DP Application Scripts

These scripts apply the full DP mechanism (Noise Addition) using the calibrated parameters.

  • appliedMechanism_Household.m:

  • Purpose: Implements the full DP mechanism for aggregated groups of households.

  • Process: Aggregates time series data $\rightarrow$ Applies DCT $\rightarrow$ Thresholds low-variance coefficients $\rightarrow$ Adds Gaussian noise based on privacy budget $\epsilon$ and sensitivity $S_2$ $\rightarrow$ Reconstructs via Inverse DCT.

  • Metrics: Calculates RMSE, Correlation Coefficient, and peak demand differences to assess utility.

  • appliedMechanism_Behavioral.m:

  • Purpose: Implements the full DP mechanism for individual household data.

  • Process: Similar to the household mechanism but applied to single-home time series to protect behavioral patterns.

  • Metrics: Compares original vs. private consumption profiles using histograms and error metrics.

Utility Functions

  • f_normalize.m:

  • Normalizes input data to a standard range (typically $[0, 1]$ or $[-1, 1]$) to ensure consistent processing.

  • f_varianceThreshold.m:

  • Determines which DCT coefficients to preserve based on a cumulative energy threshold (e.g., 90%). Sets less significant coefficients to zero to reduce the dimensionality of noise addition and improve utility.

Data

  • dataOneYear93homes.mat:

  • Contains synthetic demand data for 93 homes from the Home Energy Metering Study (HEMS) developed by the Northwest Energy Efficiency Alliance (NEEA).

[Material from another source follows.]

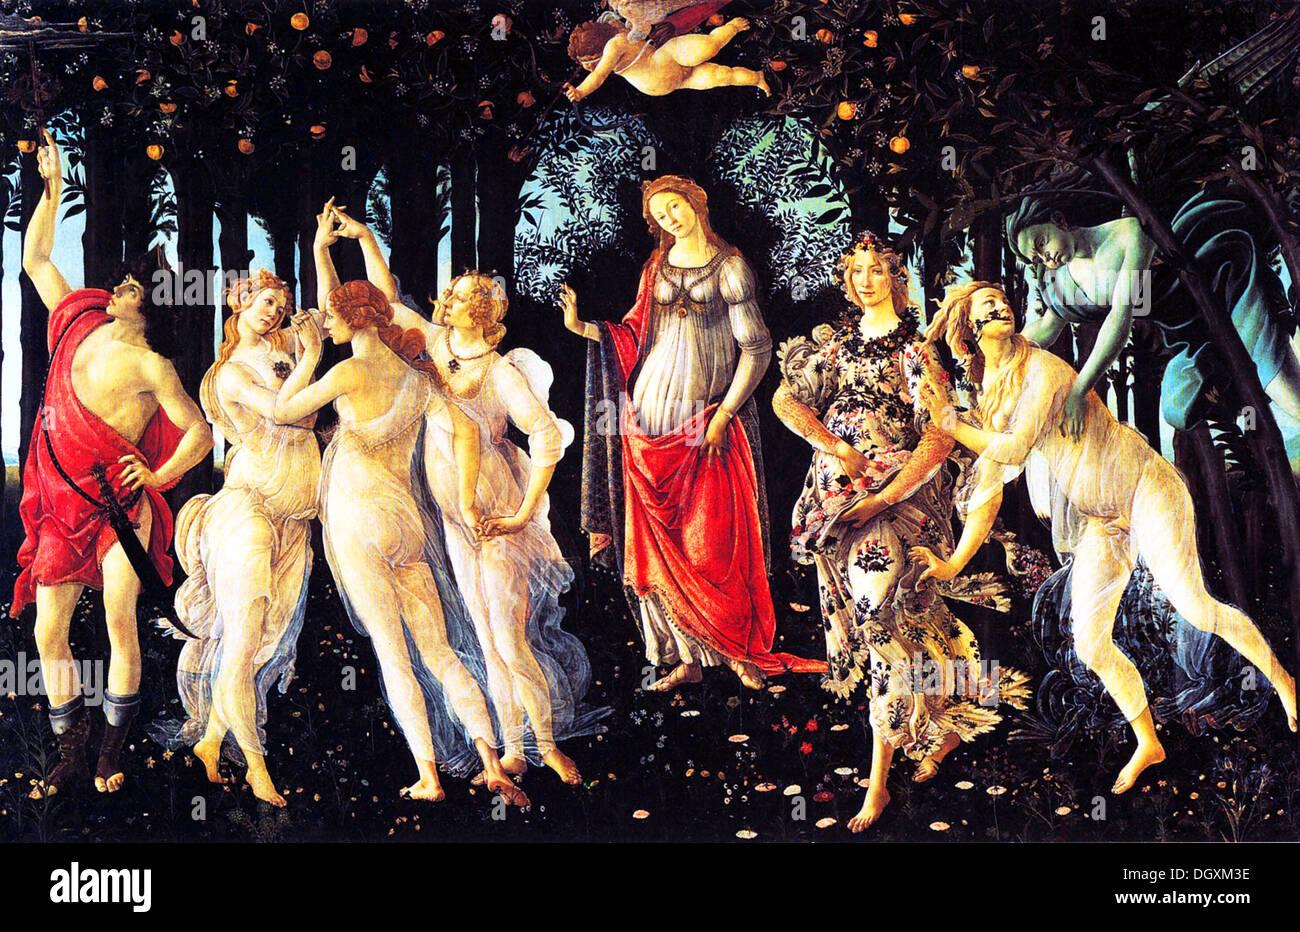 La Primavera - von Sandro Botticelli, 1482 - nur zur redaktionellen Verwendung. Stockbild
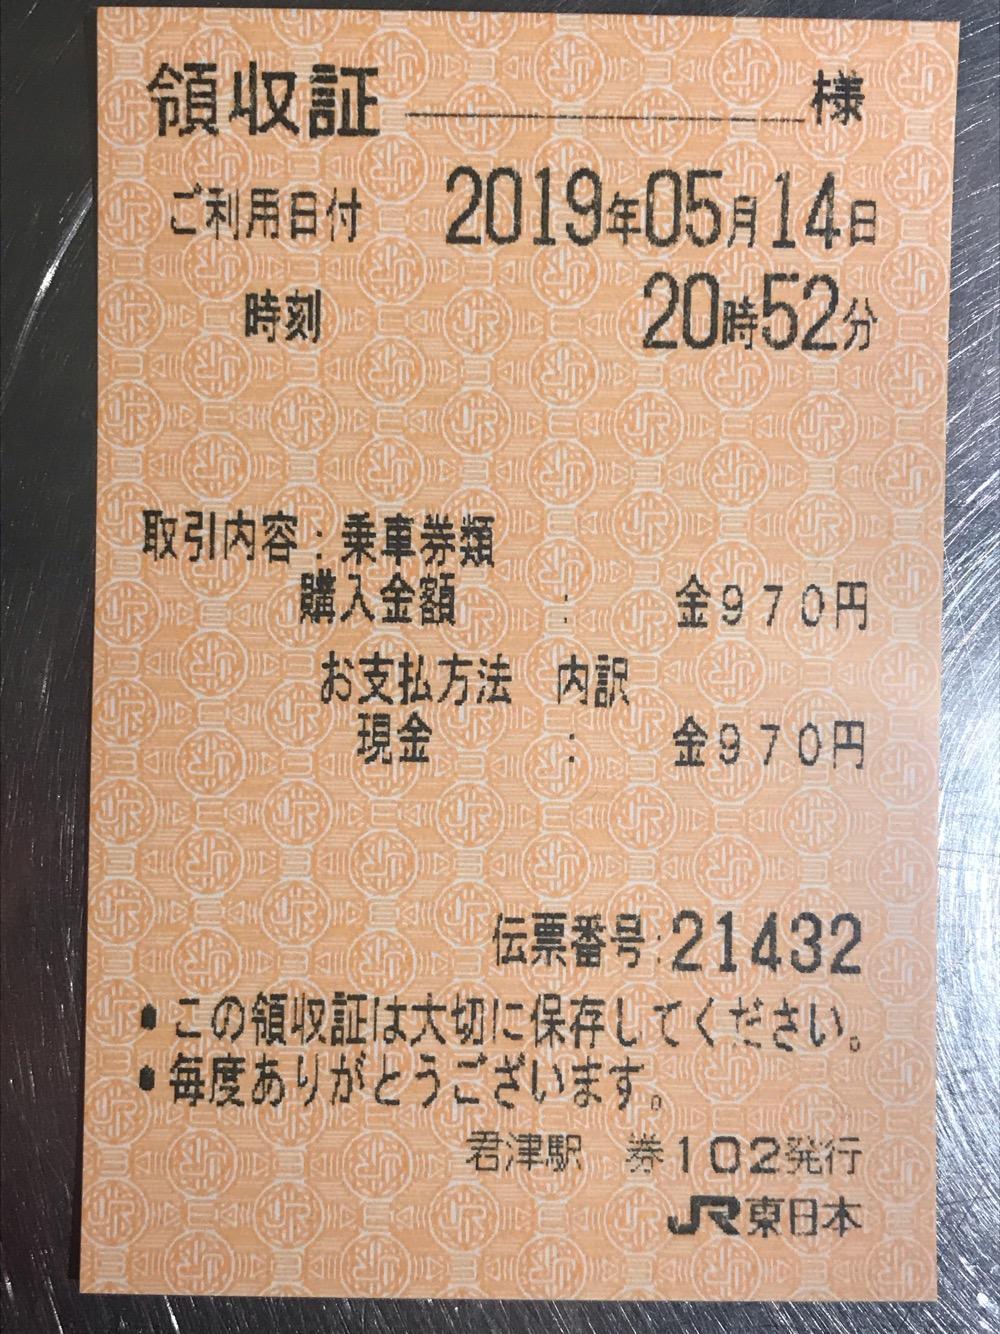 JR君津駅の自動券売機発行の970円分の領収証

  • Resolution: 15-minute intervals.

  • Duration: One year.

Technical Details and Parameters

Privacy Parameters

epsilon (ε): The privacy budget. Controls the privacy-utility tradeoff. Lower ε provides stronger privacy guarantees at the cost of data utility.

delta (δ): The probability that the privacy guarantee fails. A small, fixed value is standard (e.g., $10^(-2)$ or smaller, often related to the inverse of the dataset size).

Variance Threshold: A parameter (e.g., 0.9) in f_varianceThreshold.m that determines the percentage of signal energy to retain. Higher values retain more detail but may require a larger privacy budget for the same level of noise.

Frequency-Domain Noise Targeting

Noise is selectively applied to DCT coefficients that dominate energy trends. Coefficients capturing short-term fluctuations or background noise are excluded (via f_varianceThreshold.m ) to enforce the privacy budget only where it matters most for utility.